Since each text in the MS MARCO passage corpus is a JSON object, we can read the document into Python and manipulate:

import json
json_doc = json.loads(doc.raw())

json_doc['contents']
# 'contents' of the document:
# A Lobster Roll is a bread roll filled with bite-sized chunks of lobster meat...

Every document has a docid, of type string, assigned by the collection it is part of. In addition, Lucene assigns each document a unique internal id (confusingly, Lucene also calls this the docid), which is an integer numbered sequentially starting from zero to one less than the number of documents in the index. This can be a source of confusion but the meaning is usually clear from context. Where there may be ambiguity, we refer to the external collection docid and Lucene's internal docid to be explicit. Programmatically, the two are distinguished by type: the first is a string and the second is an integer.

As an important side note, Lucene's internal docids are not stable across different index instances. That is, in two different index instances of the same collection, Lucene is likely to have assigned different internal docids for the same document. This is because the internal docids are assigned based on document ingestion order; this will vary due to thread interleaving during indexing (which is usually performed on multiple threads).

The doc method in searcher takes either a string (interpreted as an external collection docid) or an integer (interpreted as Lucene's internal docid) and returns the corresponding document. Thus, a simple way to iterate through all documents in the collection (and for example, print out its external collection docid) is as follows:

for i in range(searcher.num_docs):
    print(searcher.doc(i).docid())

How do I index and search my own documents?

To build sparse (i.e., Lucene inverted indexes) on your own document collections, following the instructions below. To build dense indexes (e.g., the output of transformer encoders) on your own document collections, see instructions here. The following covers English documents; if you want to index and search multilingual documents, check out this answer.

Pyserini (via Anserini) provides ingestors for document collections in many different formats. The simplest, however, is the following JSON format:

{
  "id": "doc1",
  "contents": "this is the contents."
}

A document is simply comprised of two fields, a docid and contents. Pyserini accepts collections comprised of these documents organized in three different ways:

  • Folder with each JSON in its own file, like this.
  • Folder with files, each of which contains an array of JSON documents, like this.
  • Folder with files, each of which contains a JSON on an individual line, like this (often called JSONL format).

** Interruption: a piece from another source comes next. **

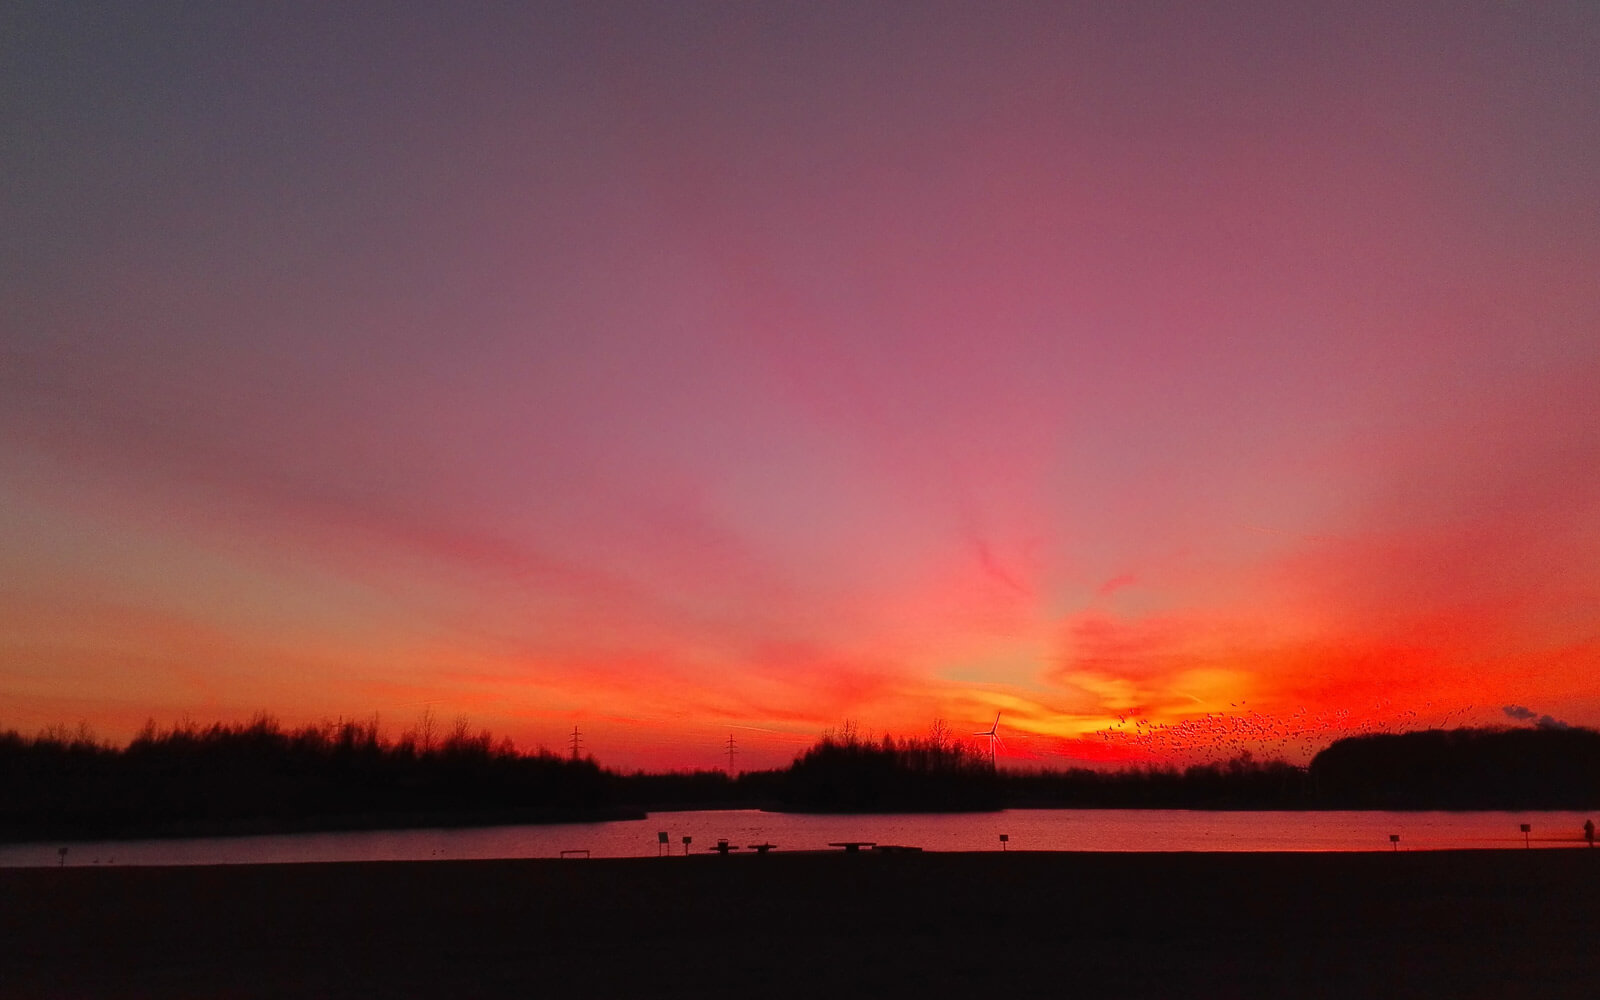 Sonnenuntergang im Seepark Lünen, NRW

So, the quickest way to get started is to write a script that converts your documents into the above format. Then, you can invoke the indexer (here, we're indexing JSONL, but any of the other formats work as well):

python -m pyserini.index -collection JsonCollection \
                         -generator DefaultLuceneDocumentGenerator \
                         -threads 1 \
                         -input integrations/resources/sample_collection_jsonl \
                         -index indexes/sample_collection_jsonl \
                         -storePositions -storeDocvectors -storeRaw

Three options control the type of index that is built:

  • -storePositions: builds a standard positional index
  • -storeDocvectors: stores doc vectors (required for relevance feedback)
  • -storeRaw: stores raw documents

If you don't specify any of the three options above, Pyserini builds an index that only stores term frequencies. This is sufficient for simple "bag of words" querying (and yields the smallest index size).

Once indexing is done, you can use SimpleSearcher to search the index:

from pyserini.search import SimpleSearcher

searcher = SimpleSearcher('indexes/sample_collection_jsonl')
hits = searcher.search('document')

for i in range(len(hits)):
    print(f'{i+1:2} {hits[i].docid:4} {hits[i].score:.5f}')

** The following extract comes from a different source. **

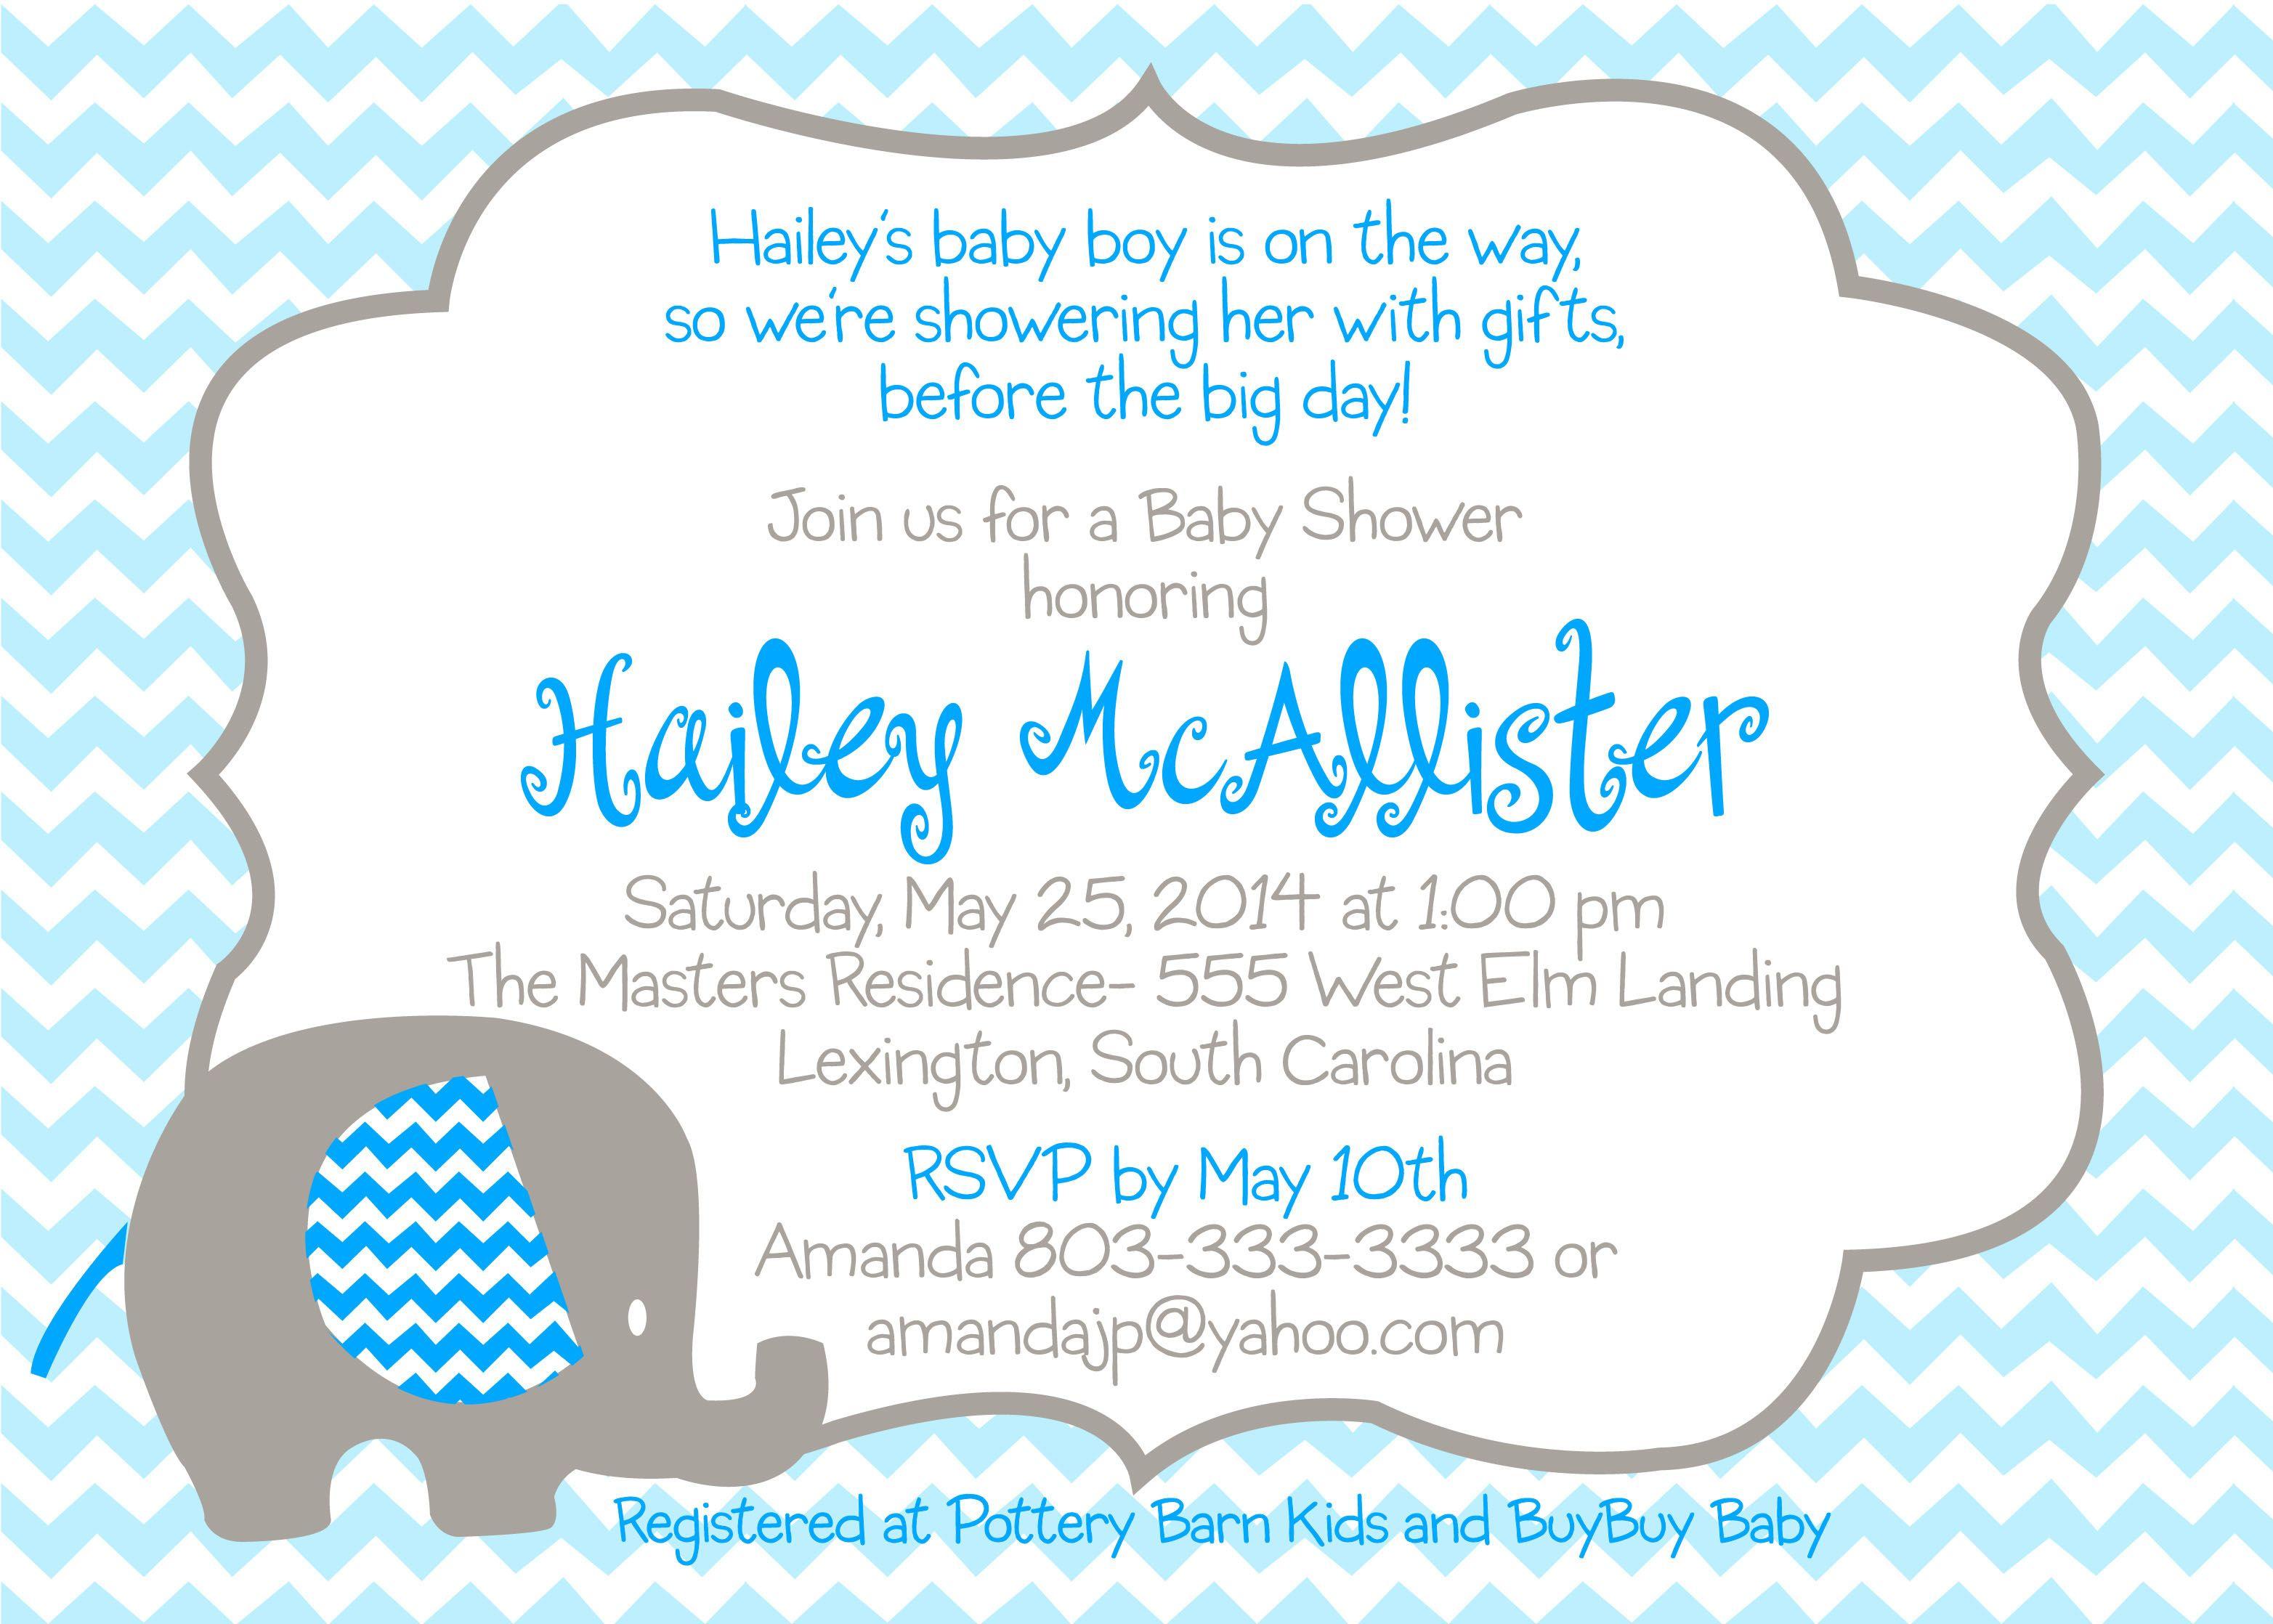 Baby Blue Elephant Shower Invitations Invi On Free Horizontal Striped Blank Eleph

You should get something like the following:

 1 doc2 0.25620
 2 doc3 0.23140

If you want to perform a batch retrieval run (e.g., directly from the command line), organize all your queries in a tsv file, like here. The format is simple: the first field is a query id, and the second field is the query itself. Note that the file extension must end in .tsv so that Pyserini knows what format the queries are in.

Then, you can run:

$ python -m pyserini.search --topics integrations/resources/sample_queries.tsv \
                            --index indexes/sample_collection_jsonl \
                            --output run.sample.txt \
                            --bm25

$ cat run.sample.txt 
1 Q0 doc2 1 0.256200 Anserini
1 Q0 doc3 2 0.231400 Anserini
2 Q0 doc1 1 0.534600 Anserini
3 Q0 doc1 1 0.256200 Anserini
3 Q0 doc2 2 0.256199 Anserini
4 Q0 doc3 1 0.483000 Anserini

Note that output run file is in standard TREC format.

You can also add extra fields in your documents when needed, e.g. text features. For example, the SpaCy Named Entity Recognition (NER) result of contents could be stored as an additional field NER.

{
  "id": "doc1",
  "contents": "The Manhattan Project and its atomic bomb helped bring an end to World War II. Its legacy of peaceful uses of atomic energy continues to have an impact on history and science.",
  "NER": {
            "ORG": ["The Manhattan Project"],
            "MONEY": ["World War II"]
         }
}

Reproduction Guides

With Pyserini, it's easy to reproduce runs on a number of standard IR test collections!

Sparse Retrieval

Dense Retrieval

Baselines

Pyserini provides baselines for a number of datasets.

Additional Documentation

Known Issues

Anserini is designed to work with JDK 11. There was a JRE path change above JDK 9 that breaks pyjnius 1.2.0, as documented in this issue, also reported in Anserini here and here. This issue was fixed with pyjnius 1.2.1 (released December 2019). The previous error was documented in this notebook and this notebook documents the fix.

Release History

With v0.11.0.0 and before, Pyserini versions adopted the convention of X.Y.Z.W, where X.Y.Z tracks the version of Anserini, and W is used to distinguish different releases on the Python end. Starting with Anserini v0.12.0, Anserini and Pyserini versions have become decoupled.

Comments
  • Dense search replication, starting from hgf model

    Dense search replication, starting from hgf model

    Here's I think our end target: start with hgf model from model hub - assume that's fix.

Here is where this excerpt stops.